__WORK REQUEST__. Would you repeat the listing below verbatim and drop the images?

__SUPPLIED MATERIAL__.
---
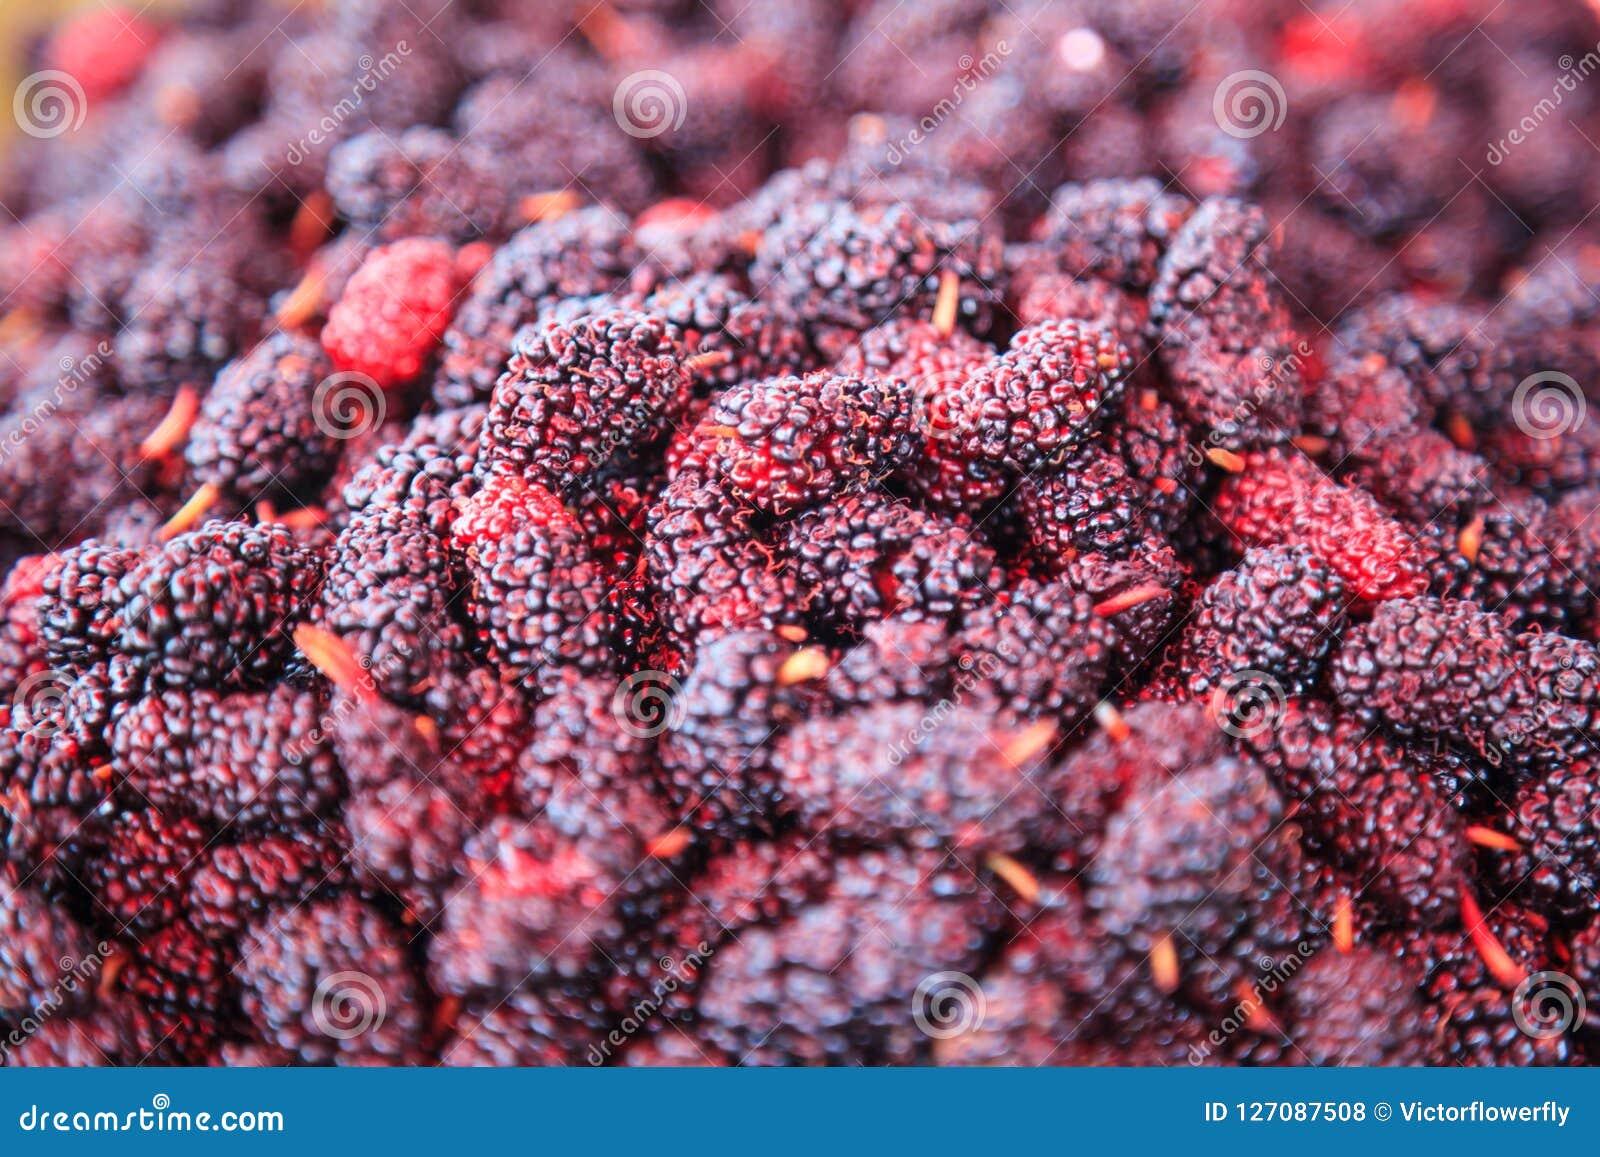 成熟红色和黑暗的紫色甜味道桑树果子背景 桑树的保健福利包括,改进消化, lowe
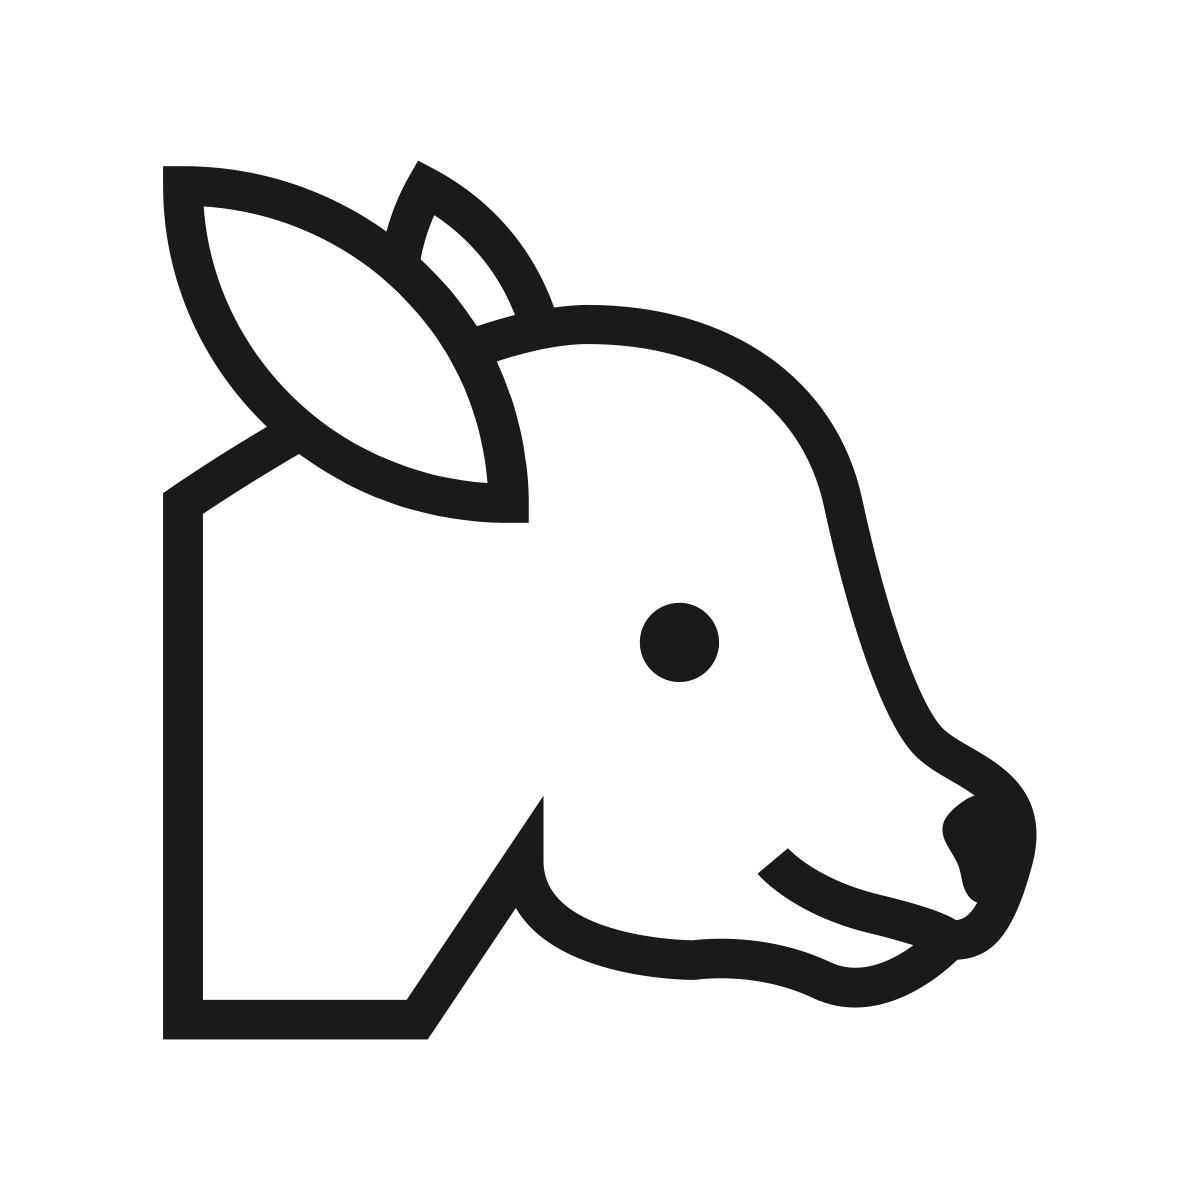 noun_Goat_394648_1A1A1A.png
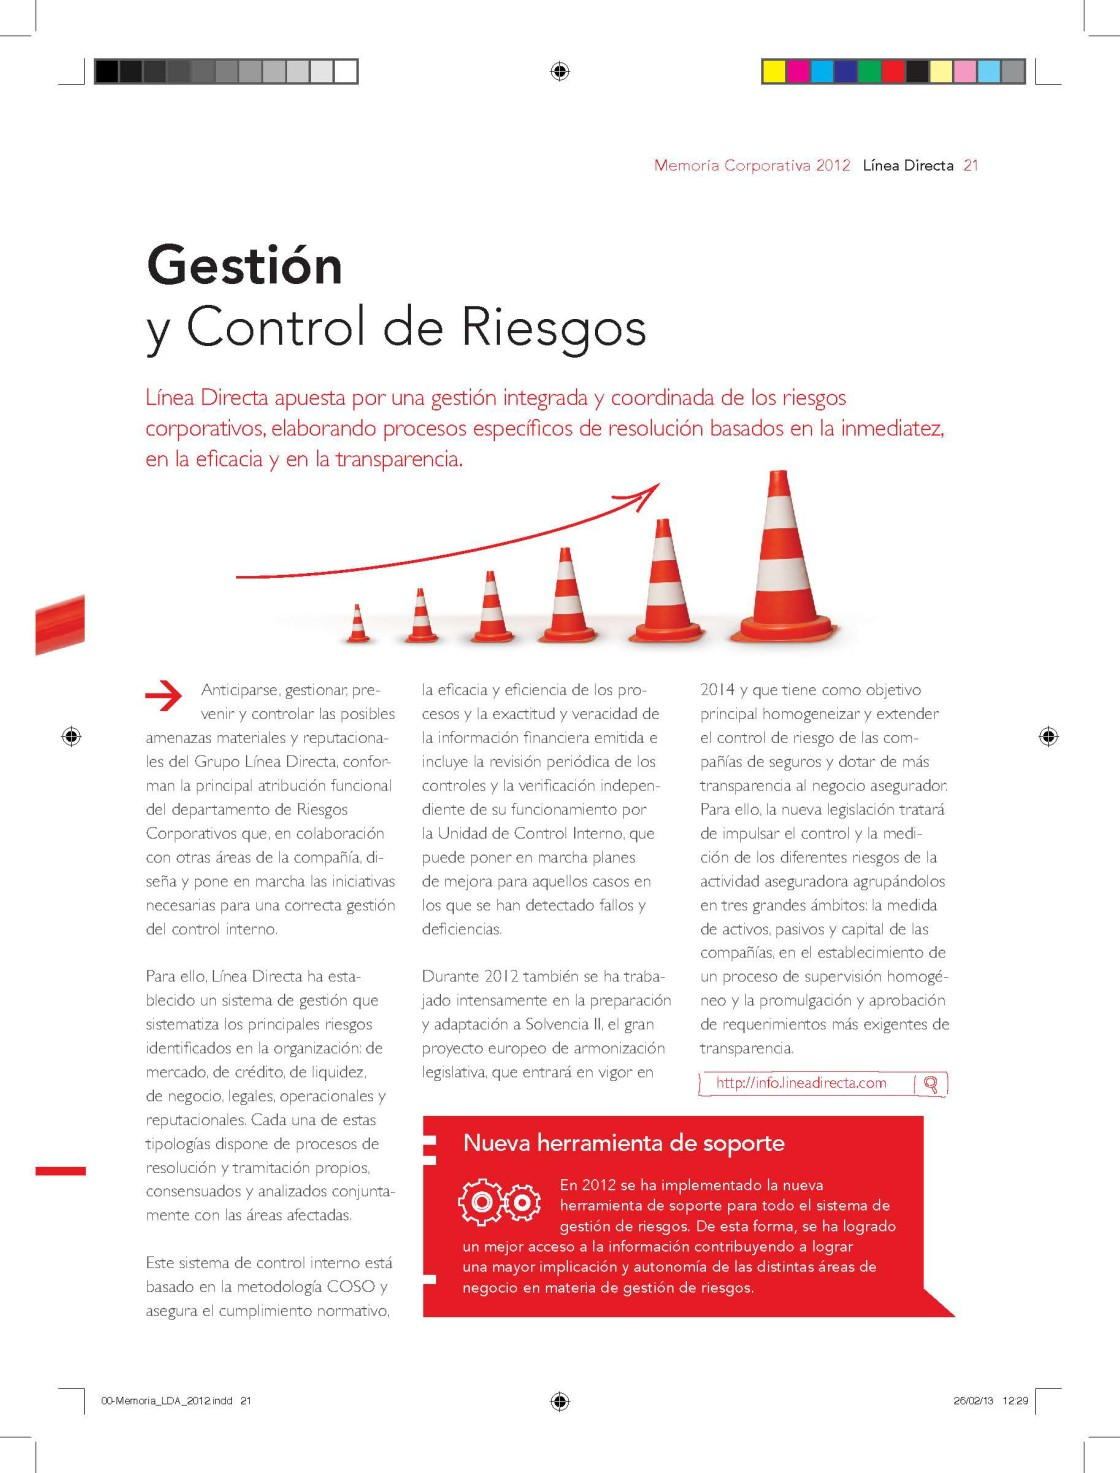 Memoria_LDA_2012_Page_21
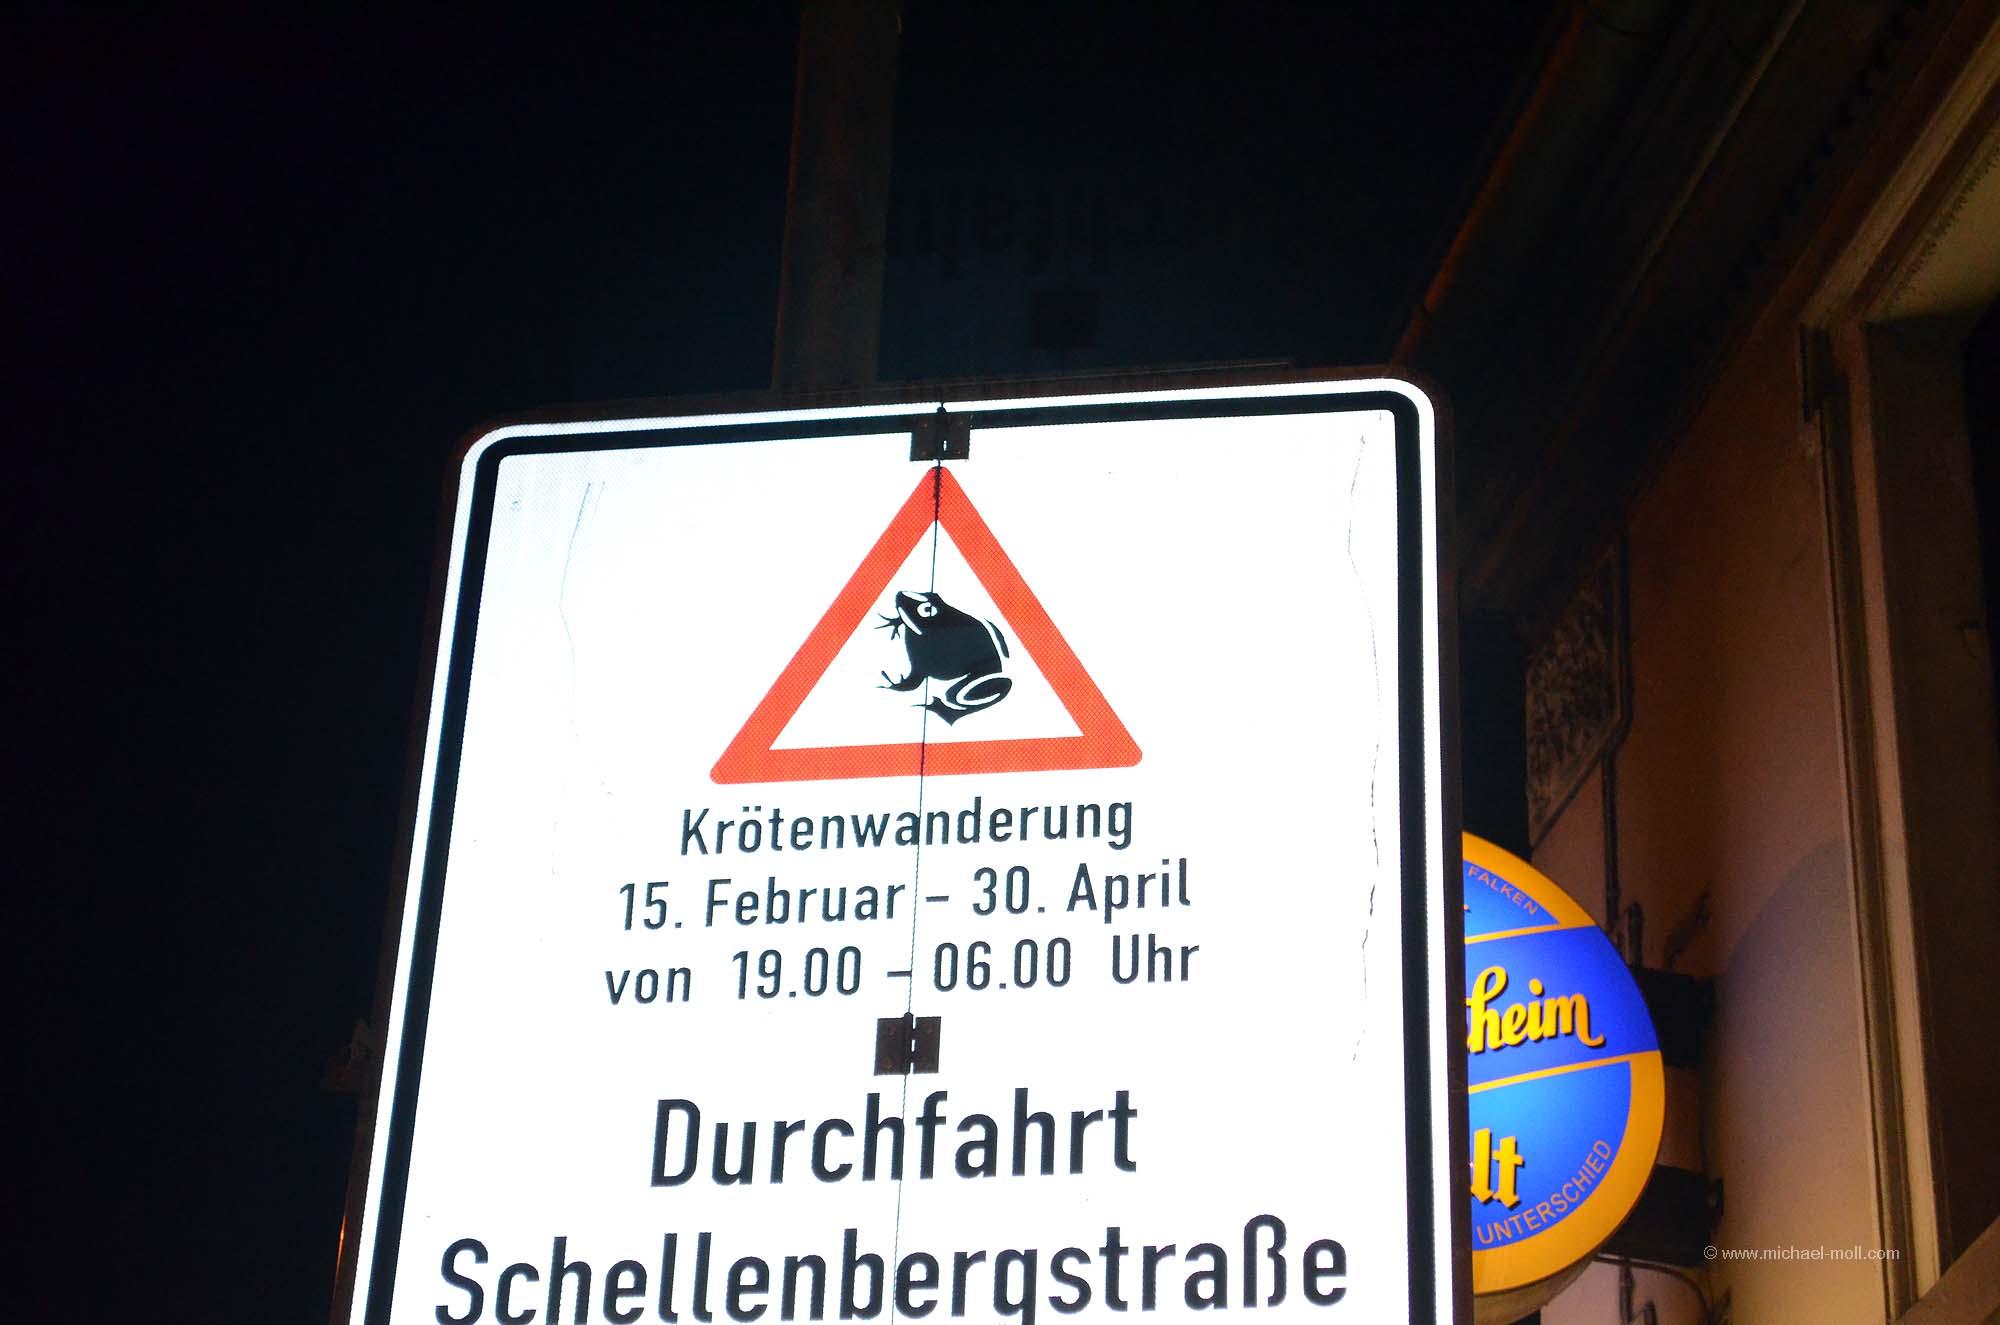 Krötenwanderung in Essen
---
__ANSWER SECTION__.
 成熟红色和黑暗的紫色甜味道桑树果子背景 桑树的保健福利包括,改进消化, lowe
 noun_Goat_394648_1A1A1A.png
 Memoria_LDA_2012_Page_21
 Krötenwanderung in Essen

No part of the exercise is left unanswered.